Native. Annual. Propagates by seeds. Time of bloom: July to September. Seed-time: August to October. Range: Cape Breton Island to Ontario and Minnesota, southward to Florida and Nebraska. Habitat: Thin meadows, upland pastures, and in open woods about old stumps.

The oil distilled from this herb is much used in making the "mosquito dopes" which hunters and fishermen and many other persons are obliged to use in localities where mosquitoes are a plague; the plant is also used medicinally and the leaves and flowering tops, collected in full bloom and dried, are worth one to three cents a pound. In taste and odor the plant is very like the true Pennyroyal, which is European.
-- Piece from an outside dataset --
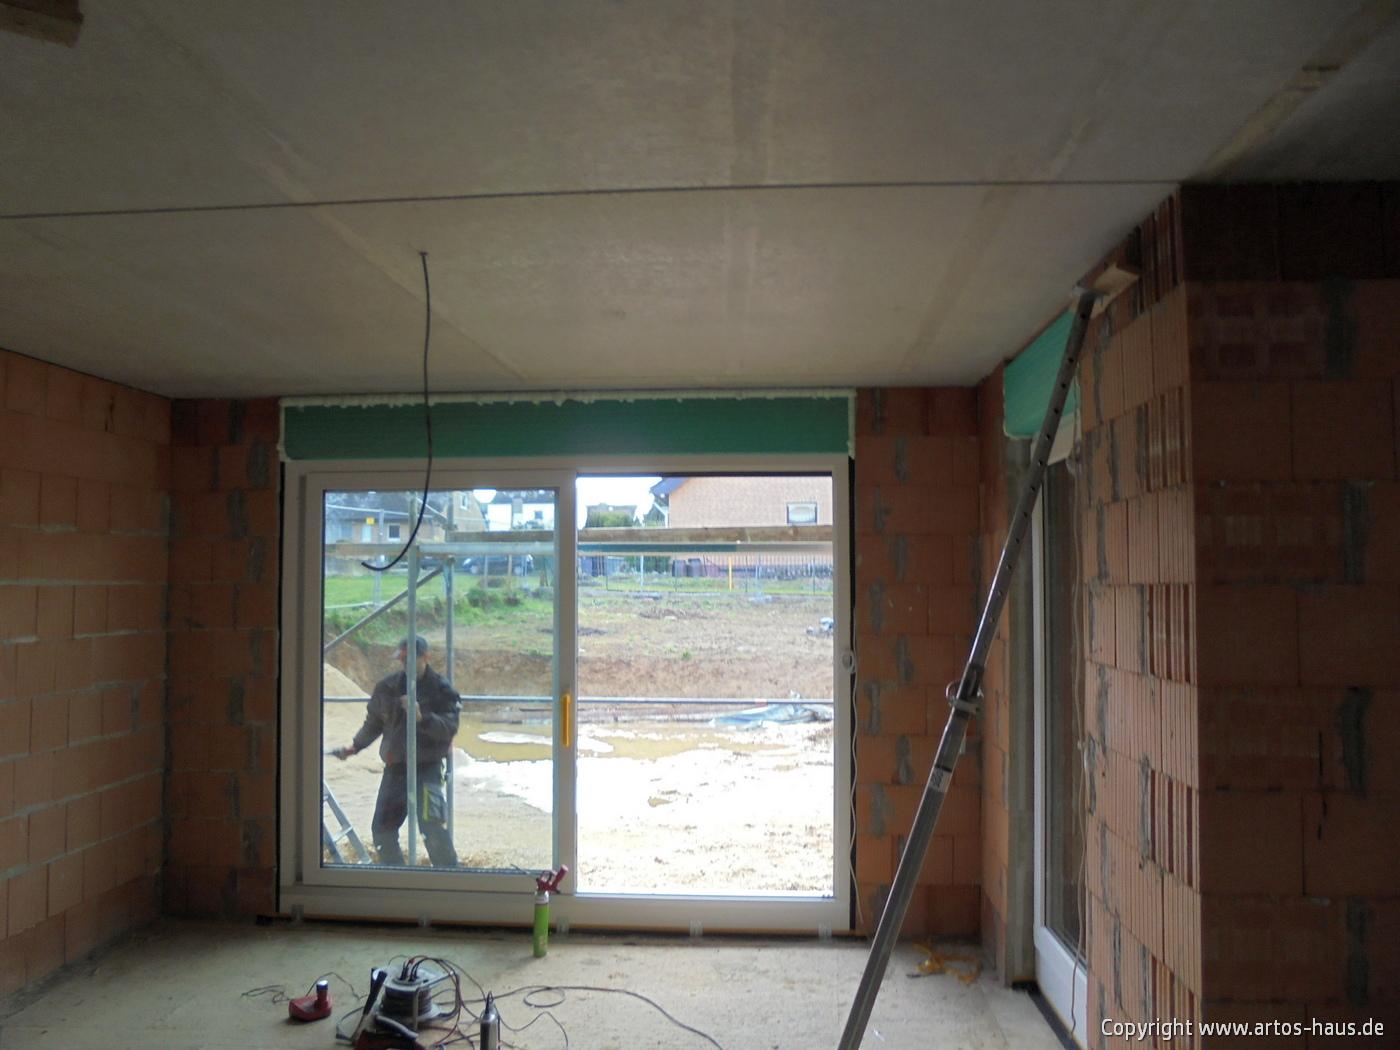 Fenstereinbau | ARTOS-HAUS Bild 3

Stem erect, square, very slender, softly hairy, much branched, six inches to a foot in height. Leaves a half-inch to an inch long, thin, oblong-ovate, sparingly toothed, obtuse at apex, and narrowed to short petioles. Flowers in small axillary clusters, on short, hairy peduncles; calyx hairy, the three upper teeth triangular, the two lower ones awl-shaped; corolla lavender or pinkish, about a quarter-inch long, the upper lip merely notched but the lower one three-lobed and spreading; perfect stamens two, rising against the upper lip, with two rudimentary ones below. The four nutlets within the persistent calyx, very small. (Fig. 249.)

Fig. 249. American Pennyroyal (He deoma pulegioides). X 1/2.

Fig. 249.-American Pennyroyal (He-deoma pulegioides). X 1/2.

Means Of Control

Meadows infested with the plant should be cut before the seeds develop. Cultivation and enrichment of the soil, where practicable, soon enables better plants to crowd out the weed.